Chez Thales, la votation a également eu un franc succès. « C’est en moyenne à 80 % que les salariés rejettent la loi travail », salue Laurent Trombini, en charge de la coordination CGT du groupe. La participation tourne autour de 30 à 40 % avec un pic dans l’Essonne à Limours, puisque la moitié du personnel de l’entreprise est allée voter. Idem chez Airbus à Nantes, où 1 027 salariés ont participé au vote, soit près de la moitié là encore des effectifs de l’entreprise. « D’habitude on ne dépasse pas les 800 participants, là c’est vraiment une bonne surprise », se félicite Pascal Buisson, secrétaire général CGT du site : 822 salariés se sont prononcés pour le retrait de la loi, 145 contre, tandis que 60 ont voté blanc.

Au-delà du résultat, « cette votation a permis à toutes celles et tous ceux qui ne peuvent pas se rendre aux manifestations de donner leur opinion », affirme Sophie Binet, secrétaire générale adjointe de l’Ugict-CGT. « Nous avons eu un vrai débat critique sur le fond, alors que depuis quatre mois les médias parlent de tout sauf du contenu de la loi travail », poursuit-elle.

La votation citoyenne (1 200 bureaux de vote) a, durant trois semaines, envahi tous les espaces – marchés, entreprises, Internet –, selon les résultats mis en ligne sur le site et qui concernent 150 000 votants. On relève que 9 sur 10 se sont déclarés pour le retrait de la loi travail, et 8 sur 10 en faveur de nouveaux droits.

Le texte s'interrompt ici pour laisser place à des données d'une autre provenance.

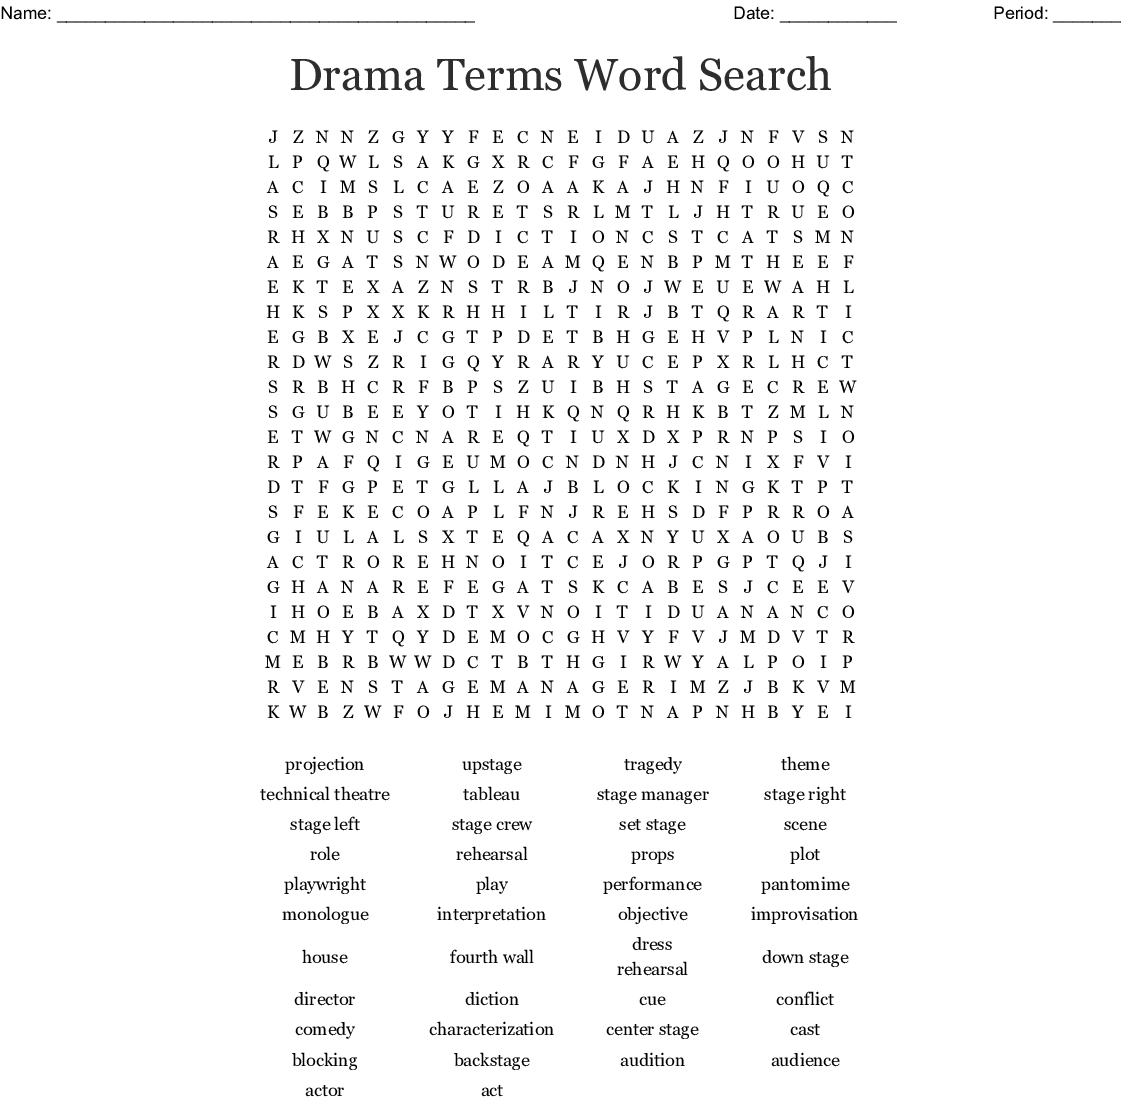 Drama Elements Word Search - Wordmint

Le résultat devait être affiné dans la soirée, avant la remise des résultats prévue ce matin à 10 heures à l’hôtel de Marigny, une annexe de l’Élysée, « où nous espérons pouvoir discuter avec le conseiller social de l’Élysée et lui rappeler nos principaux points d’achoppement sur le texte comme l’article 2, le référendum, la médecine du travail », a affirmé le syndicaliste de Force ouvrière. L’intersyndicale se retrouvera mercredi pour discuter des suites. En attendant, la votation « se poursuivra », garantit Marie Saavedra. Une votation est d’ailleurs programmée par le Clip-P, aujourd’hui, à 11 heures, sous la Canopée au Forum des Halles à Paris.